Set down nothing but the lines from the one containing "Shop Salomon Acs" to the final line of the material, exactly as written, and drop the pictures.

Given material:
◆ ◆ ◆ ◆ ◆ ◆ ◆

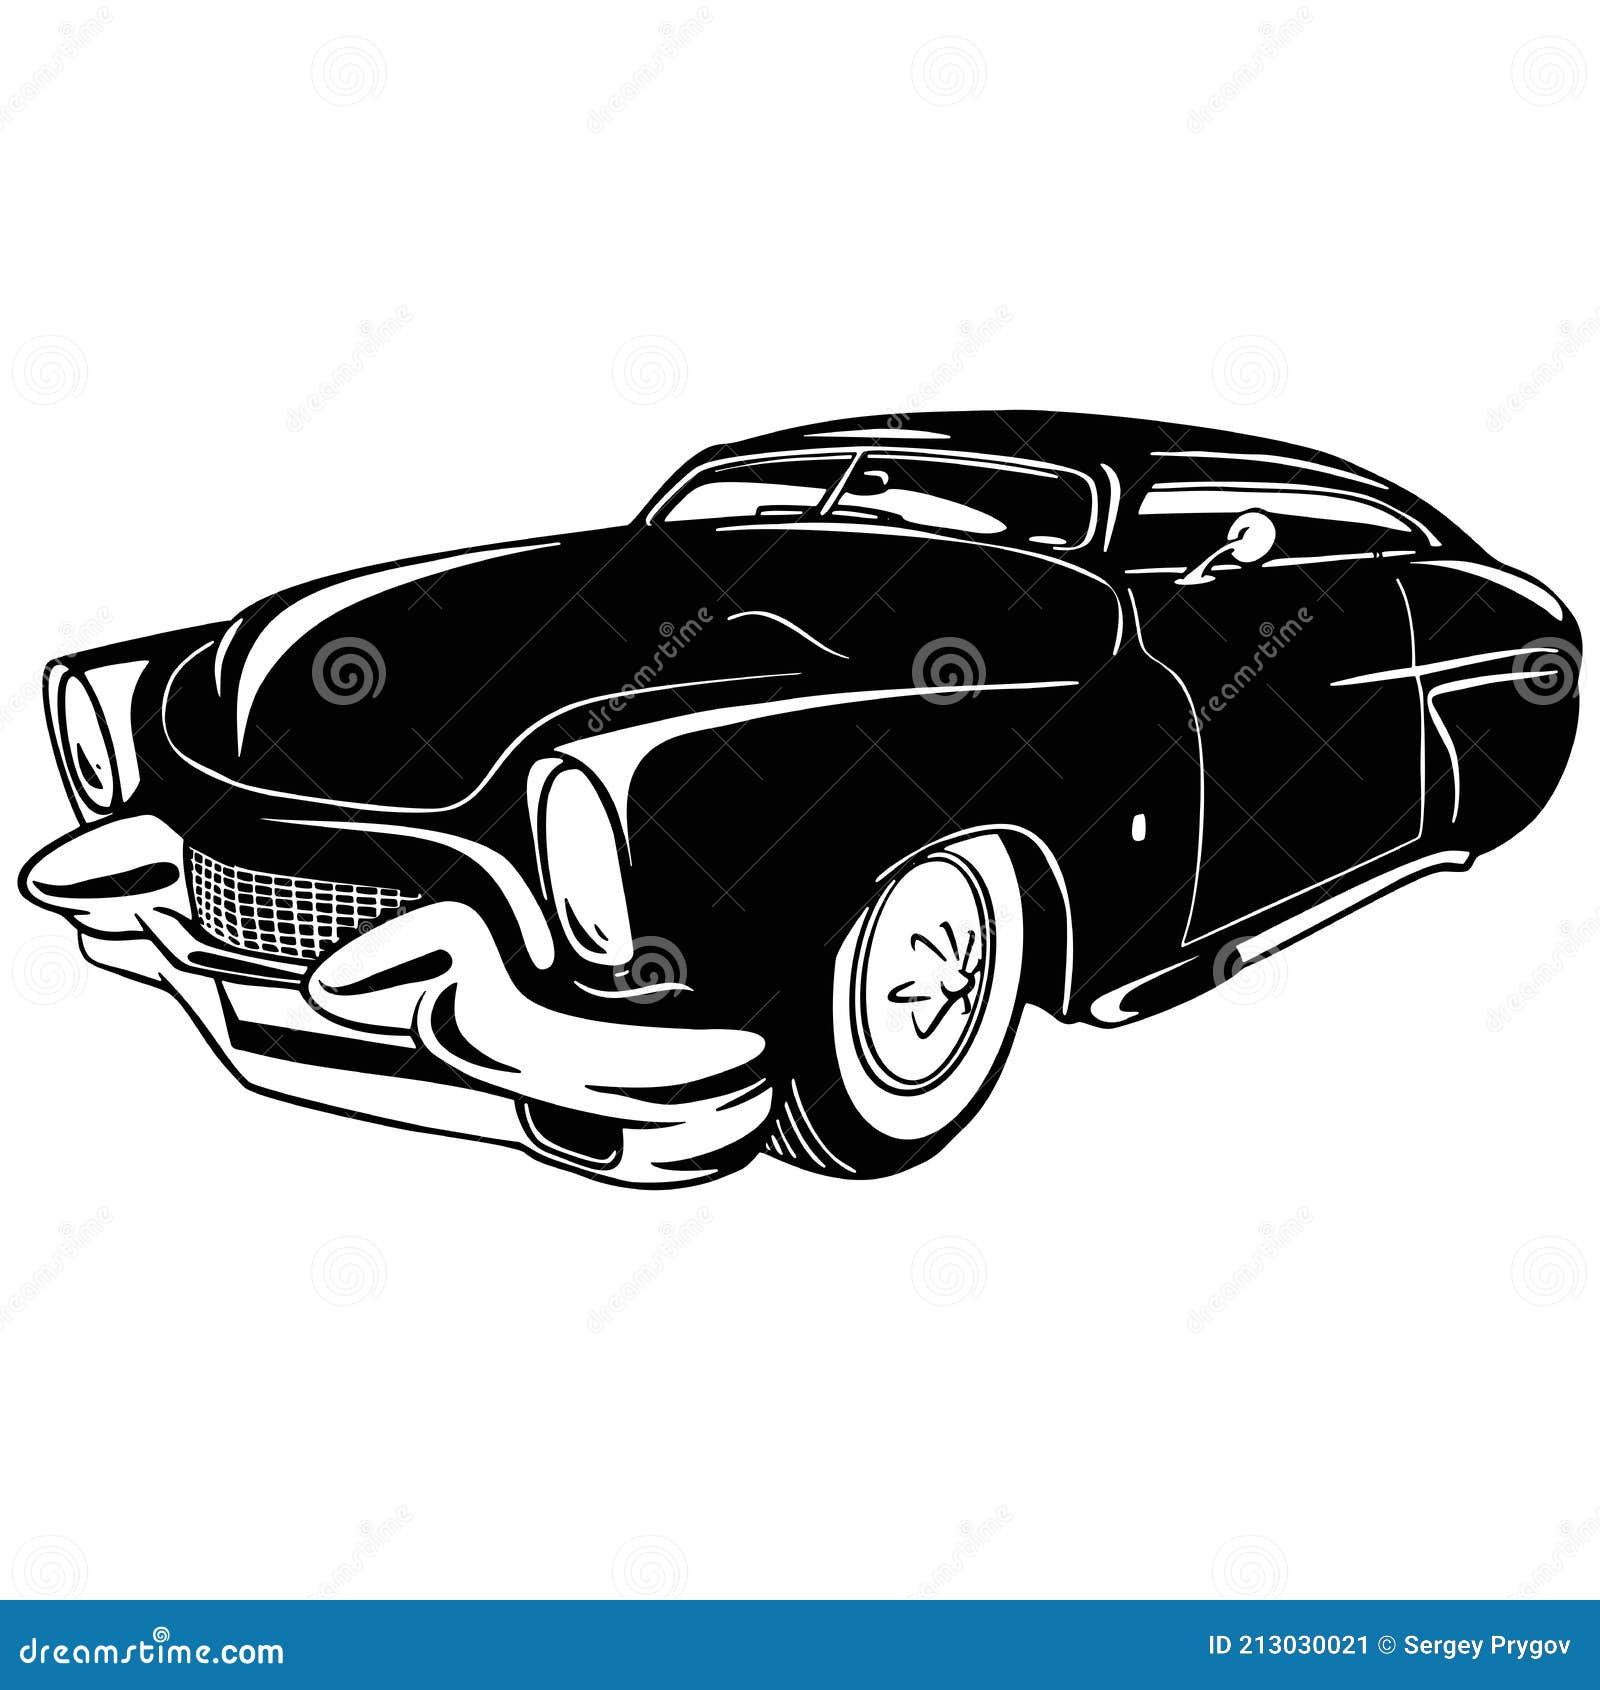 Classic Car Silhouette Stock Vector Illustration and Royalty Free Classic  Car Silhouette Clipart
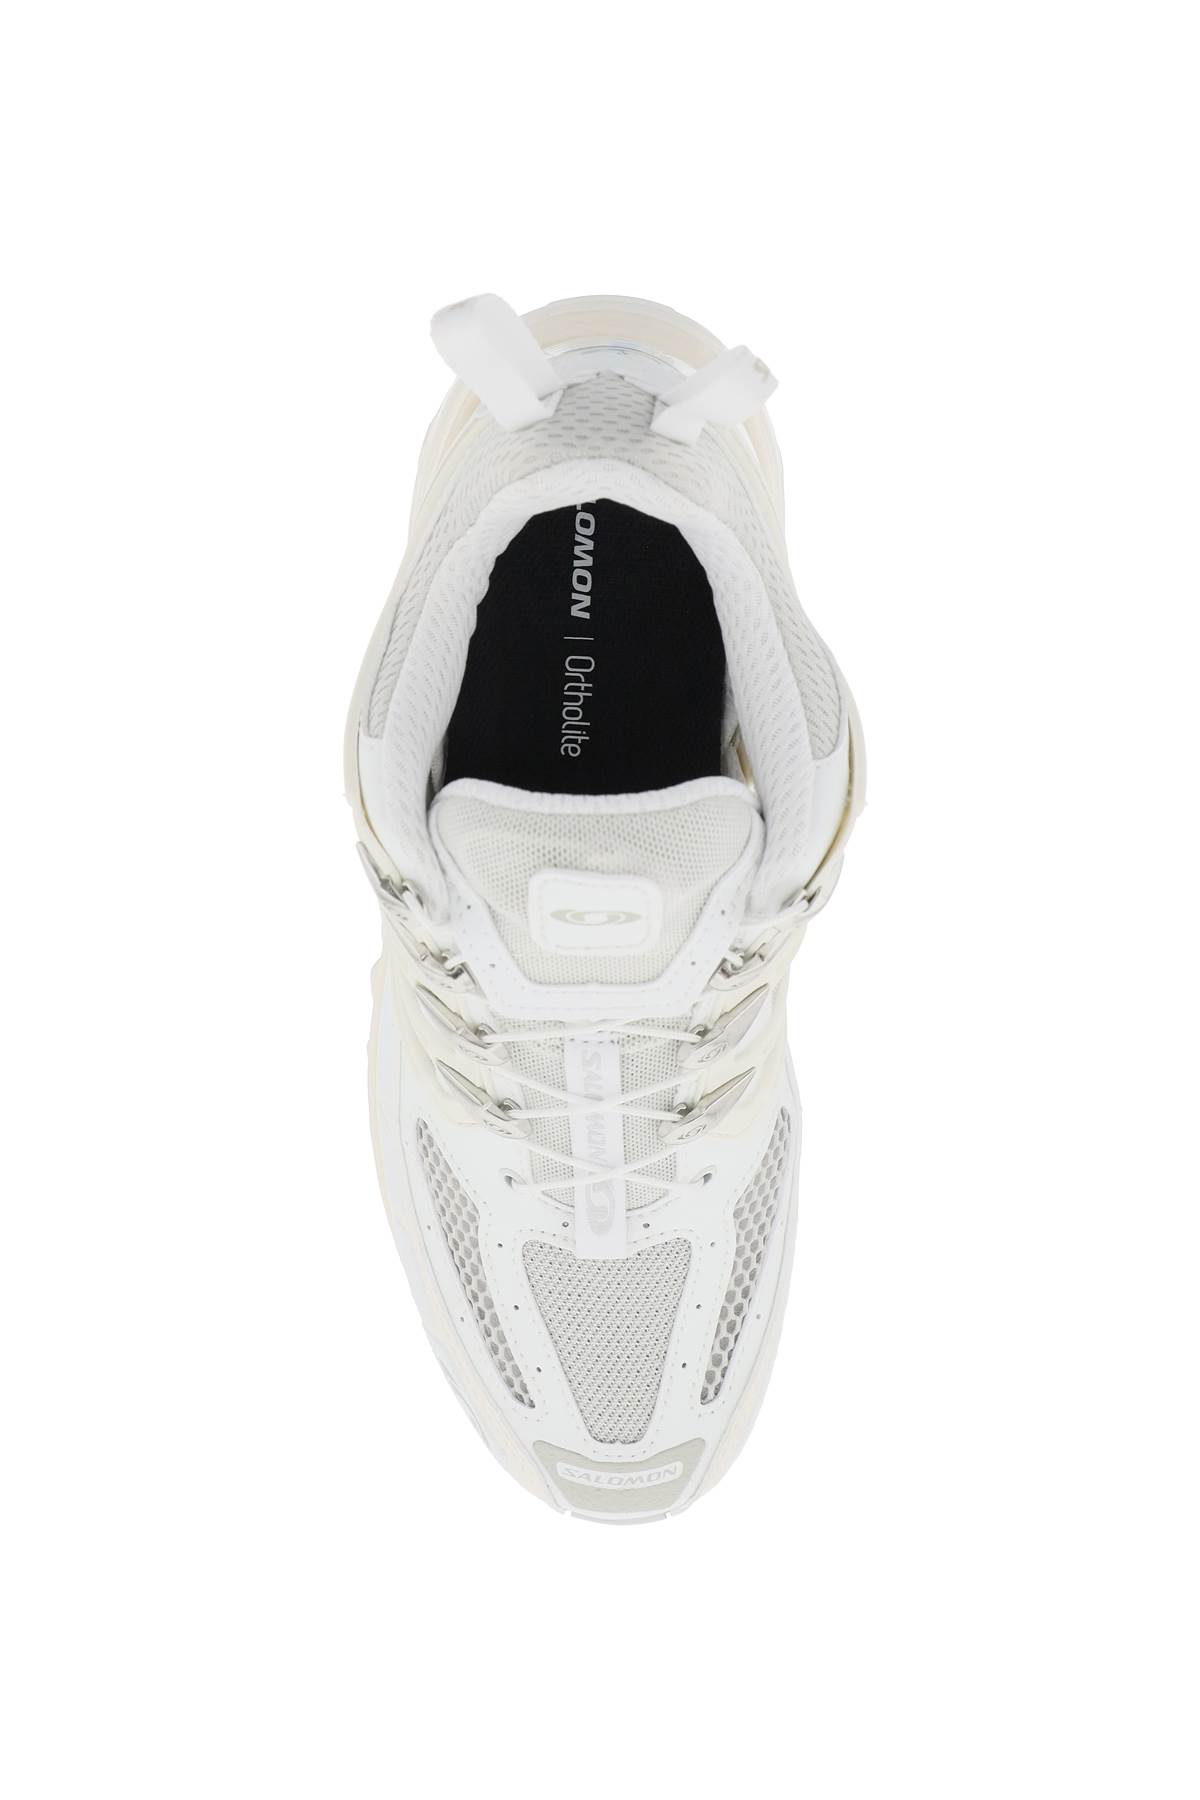 Shop Salomon Acs Pro Sneakers In White Vanilla Ice Lunar Rock (white)
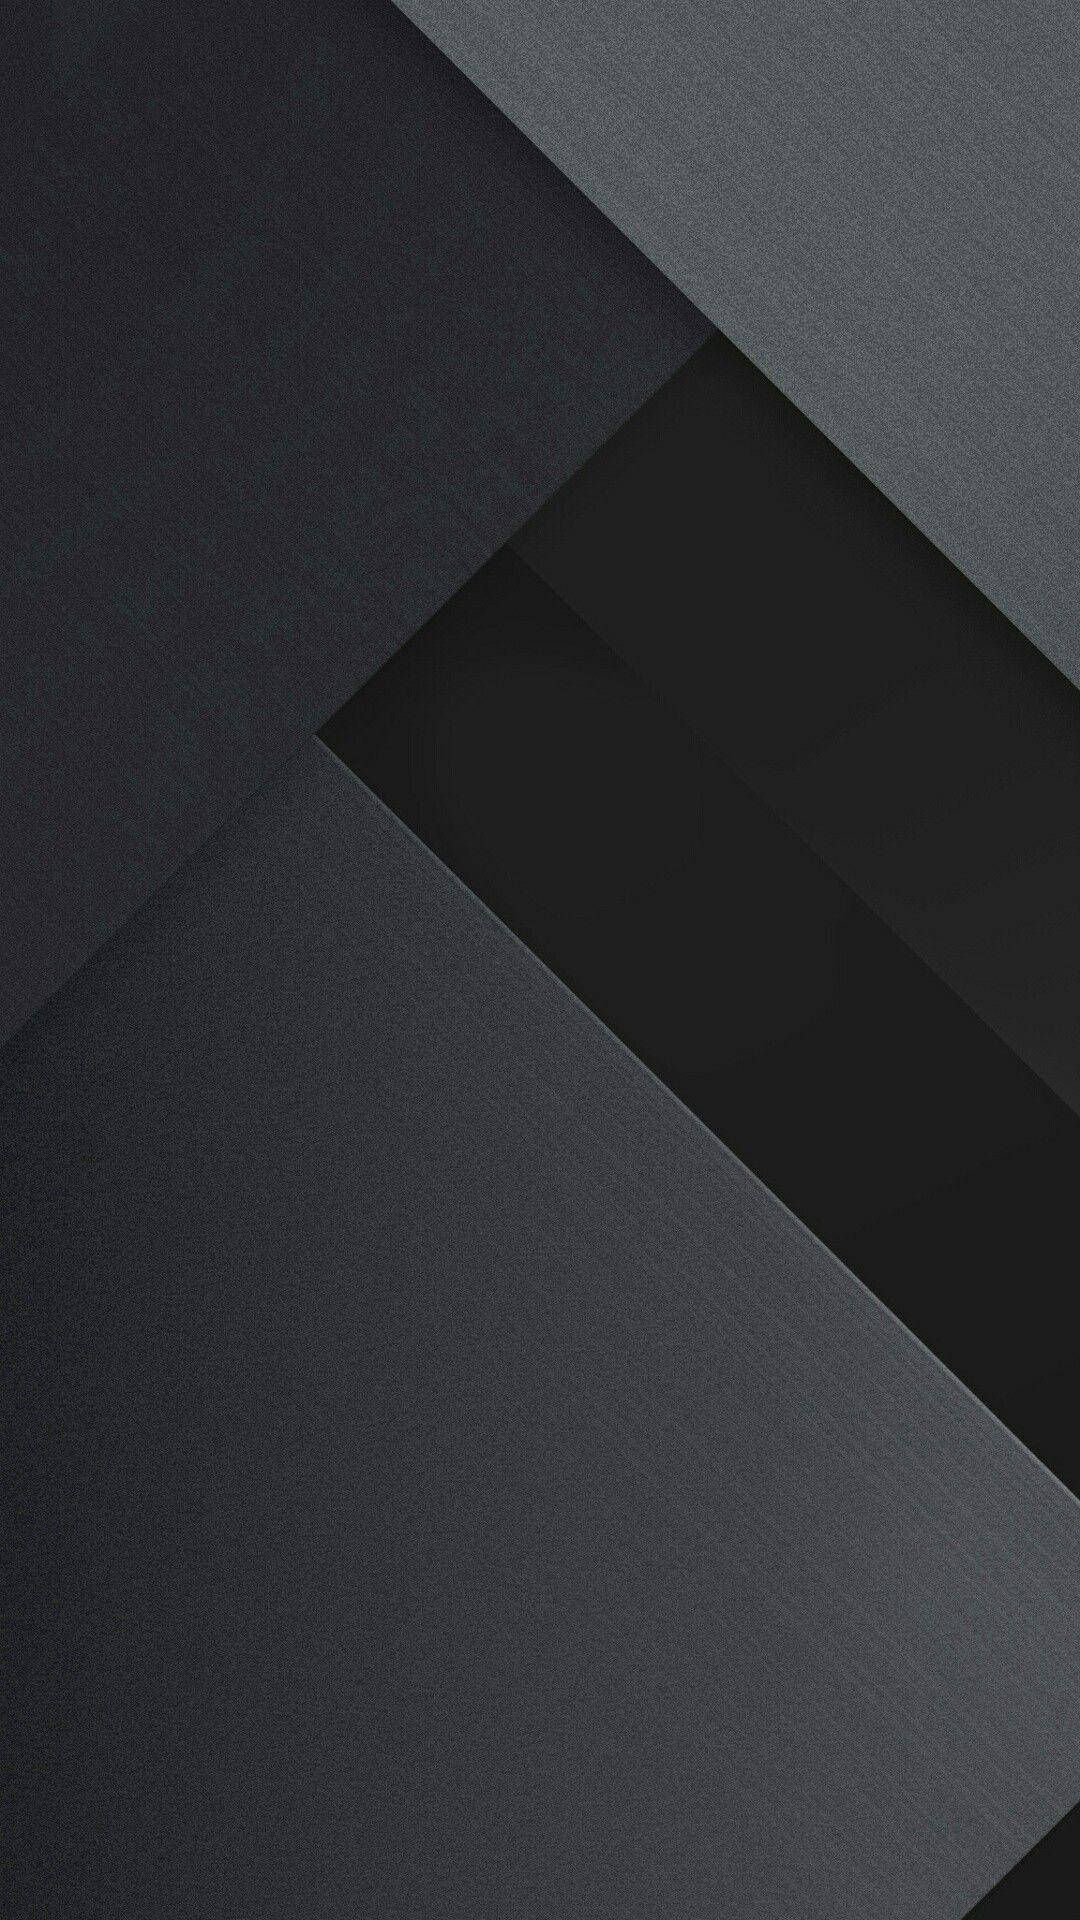 Geometric Black And Grey Iphone Background

◆ ◆ ◆ ◆ ◆ ◆ ◆

Solved problem:
 Shop Salomon Acs Pro Sneakers In White Vanilla Ice Lunar Rock (white)
 Geometric Black And Grey Iphone Background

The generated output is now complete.